## [Dataset extract]
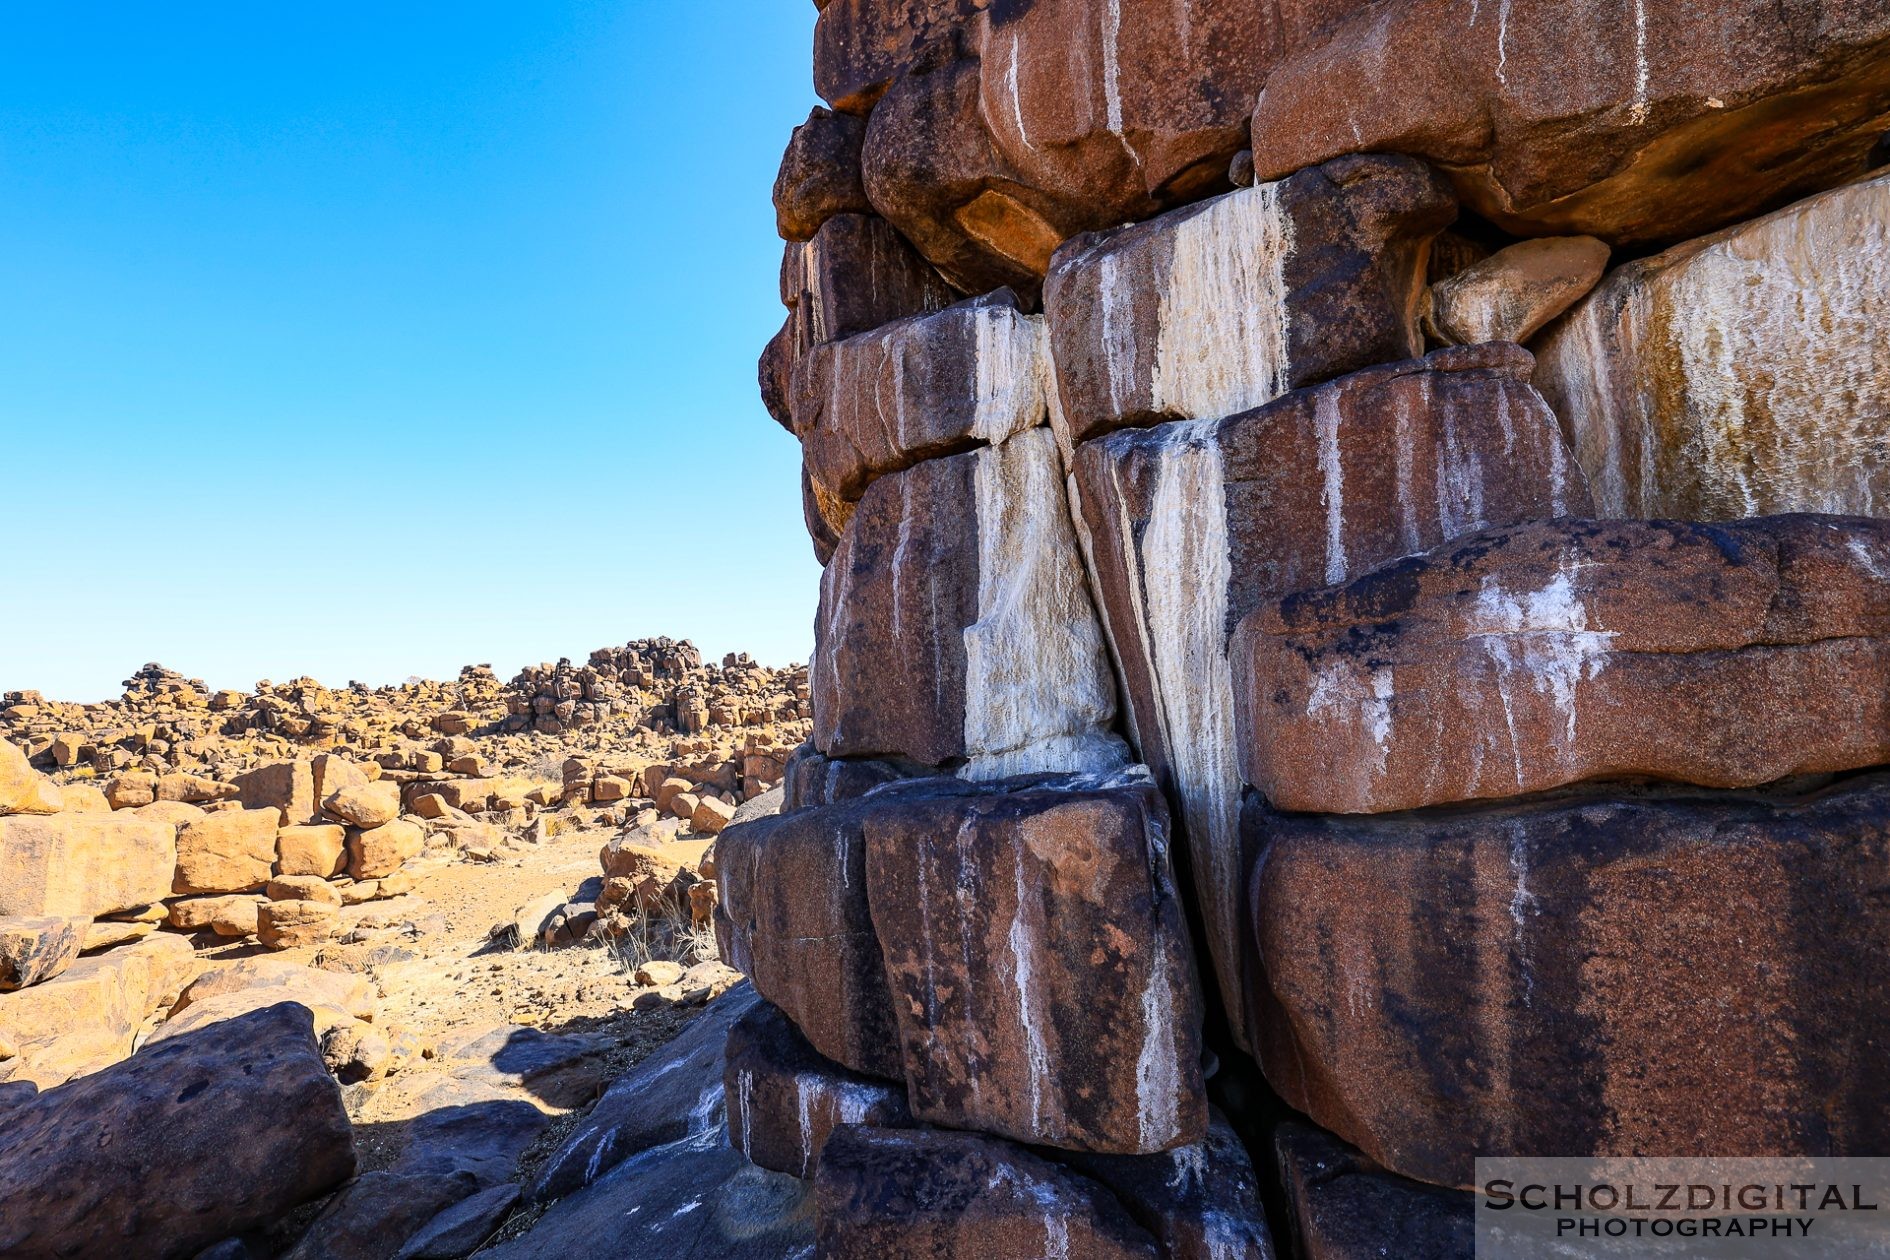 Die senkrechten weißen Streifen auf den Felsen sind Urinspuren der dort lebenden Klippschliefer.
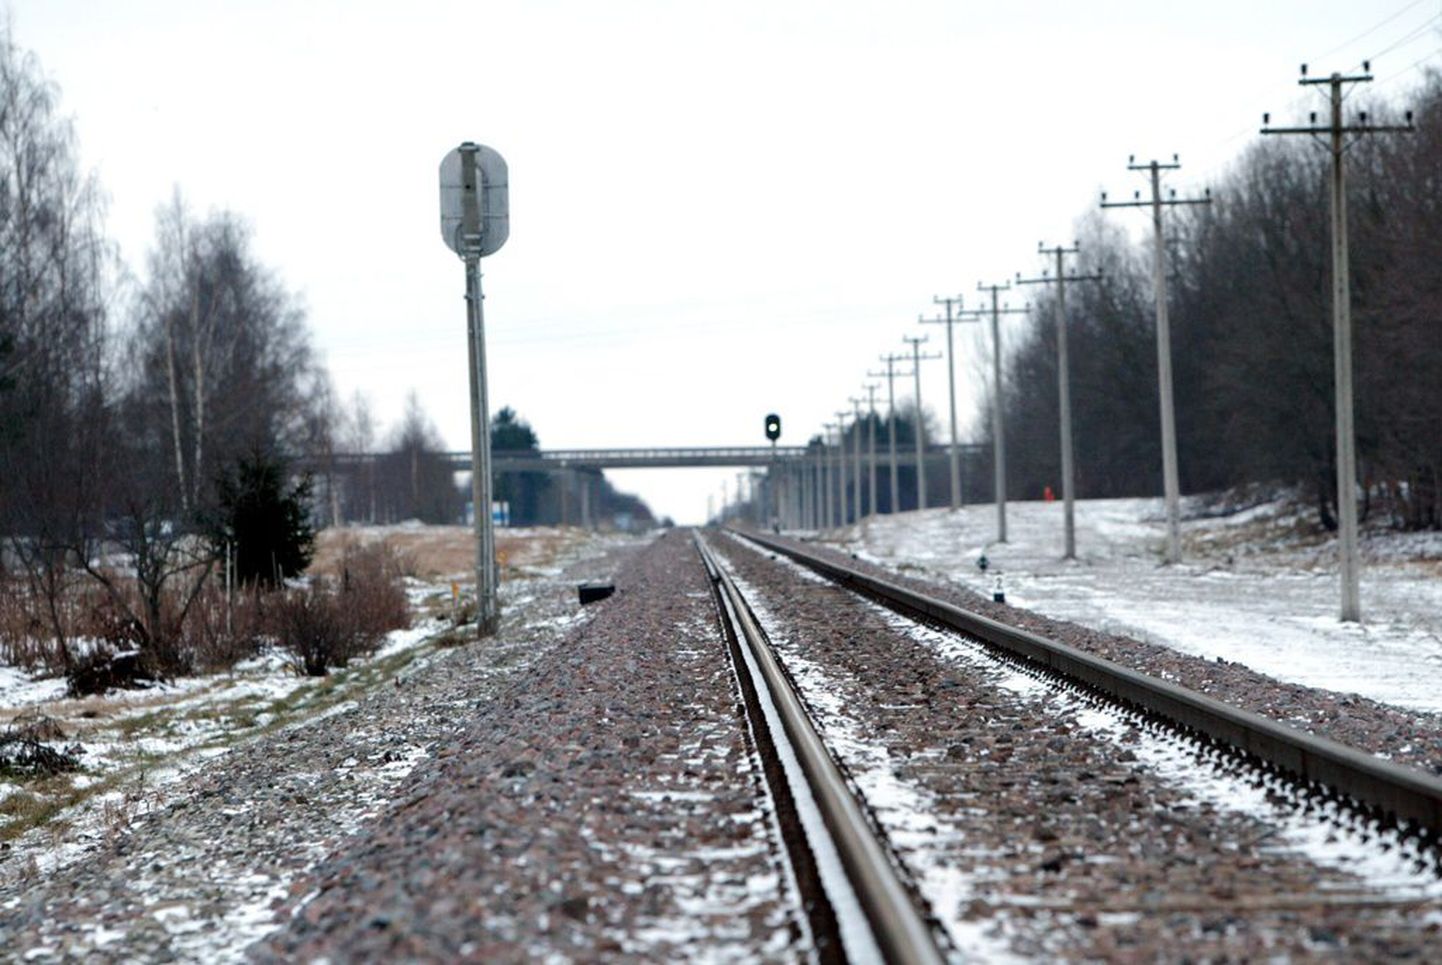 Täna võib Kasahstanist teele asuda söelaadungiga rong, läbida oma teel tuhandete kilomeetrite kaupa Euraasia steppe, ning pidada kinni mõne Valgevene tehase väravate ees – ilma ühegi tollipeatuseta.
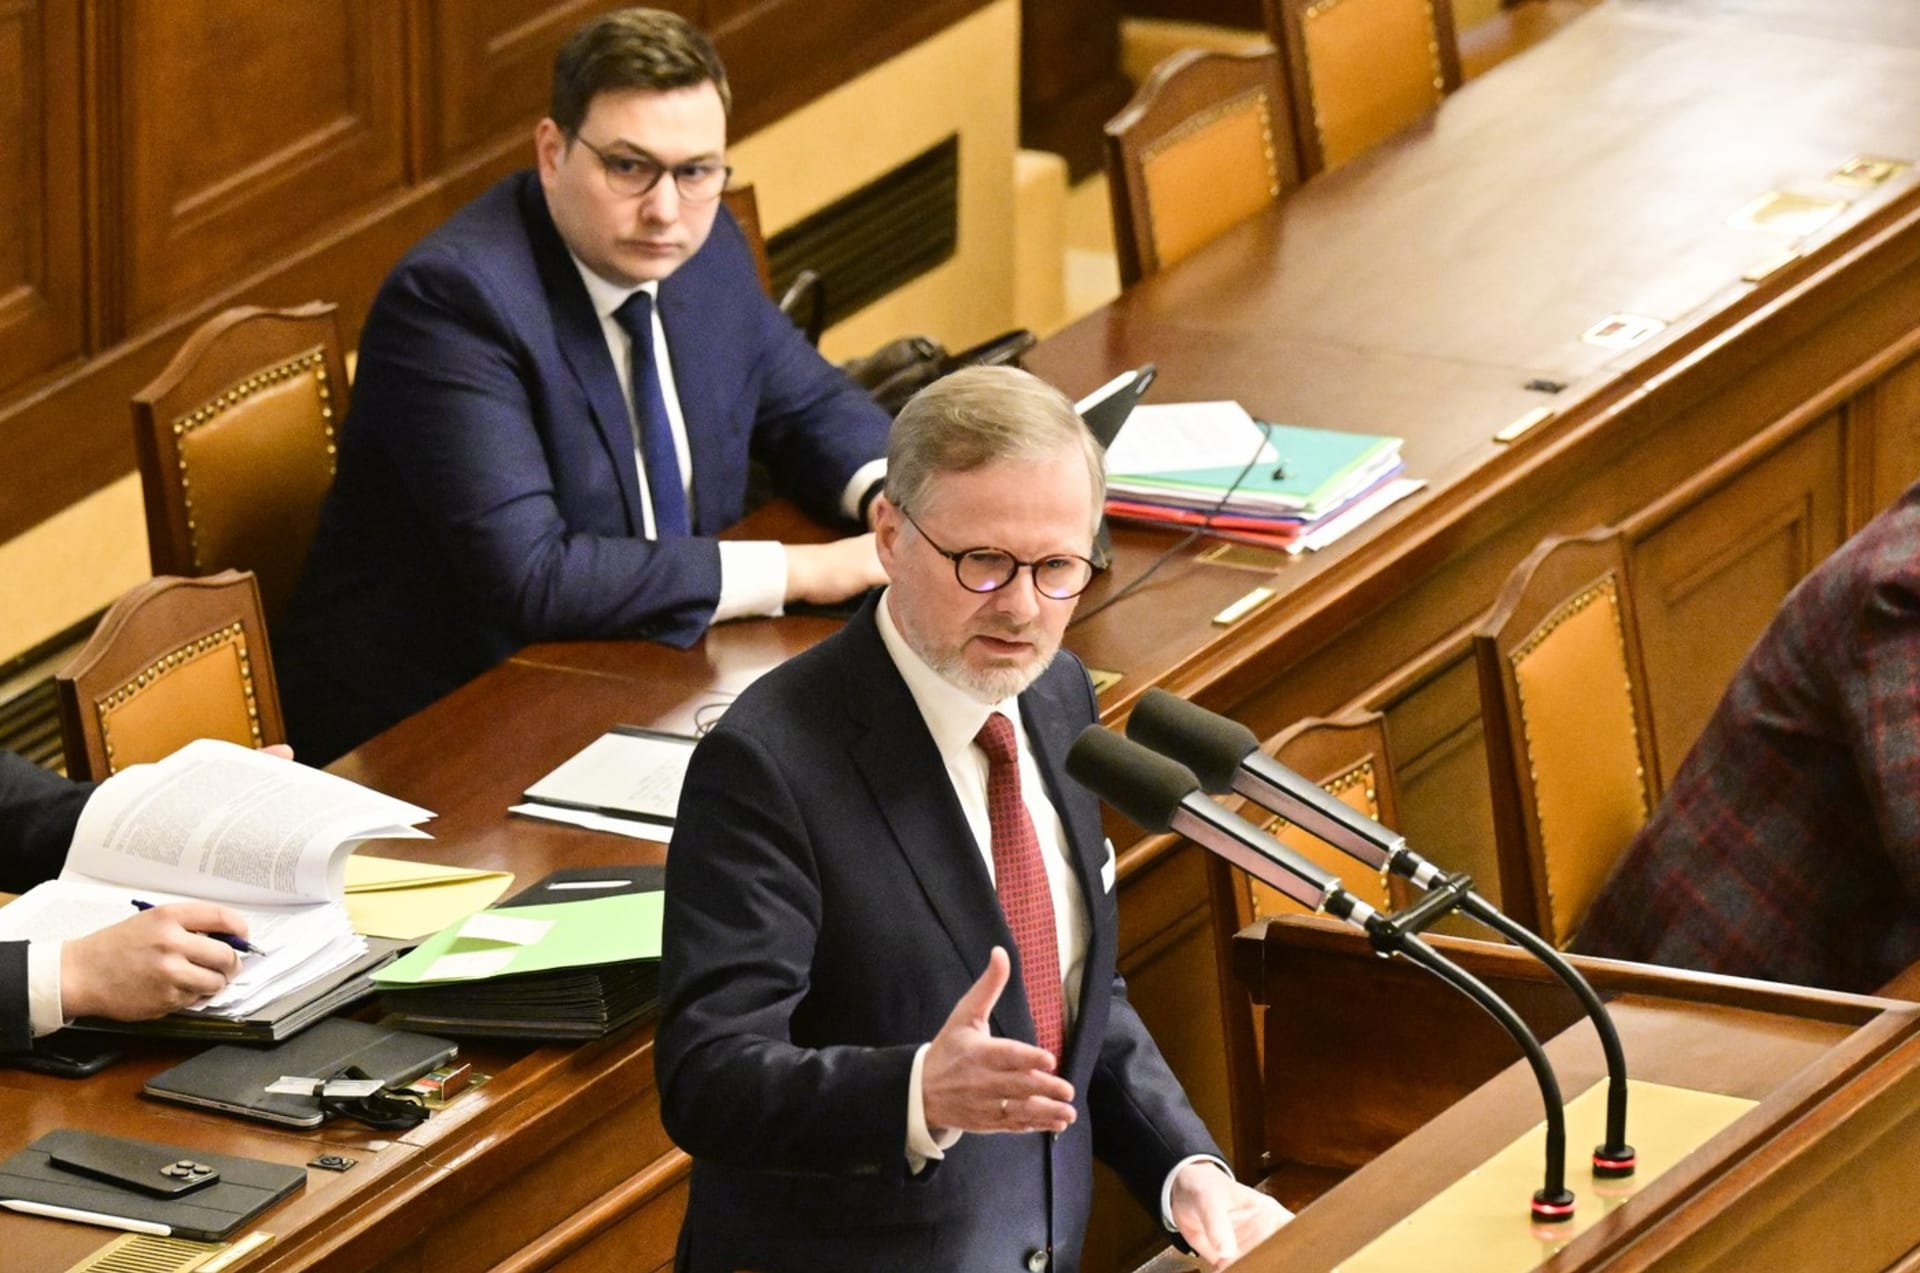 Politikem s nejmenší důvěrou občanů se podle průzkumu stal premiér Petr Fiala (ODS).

## [About this task]
Reproduce the data word for word; no pictures.

## [Exercise output]
 Die senkrechten weißen Streifen auf den Felsen sind Urinspuren der dort lebenden Klippschliefer.
 Täna võib Kasahstanist teele asuda söelaadungiga rong, läbida oma teel tuhandete kilomeetrite kaupa Euraasia steppe, ning pidada kinni mõne Valgevene tehase väravate ees – ilma ühegi tollipeatuseta.
 Politikem s nejmenší důvěrou občanů se podle průzkumu stal premiér Petr Fiala (ODS).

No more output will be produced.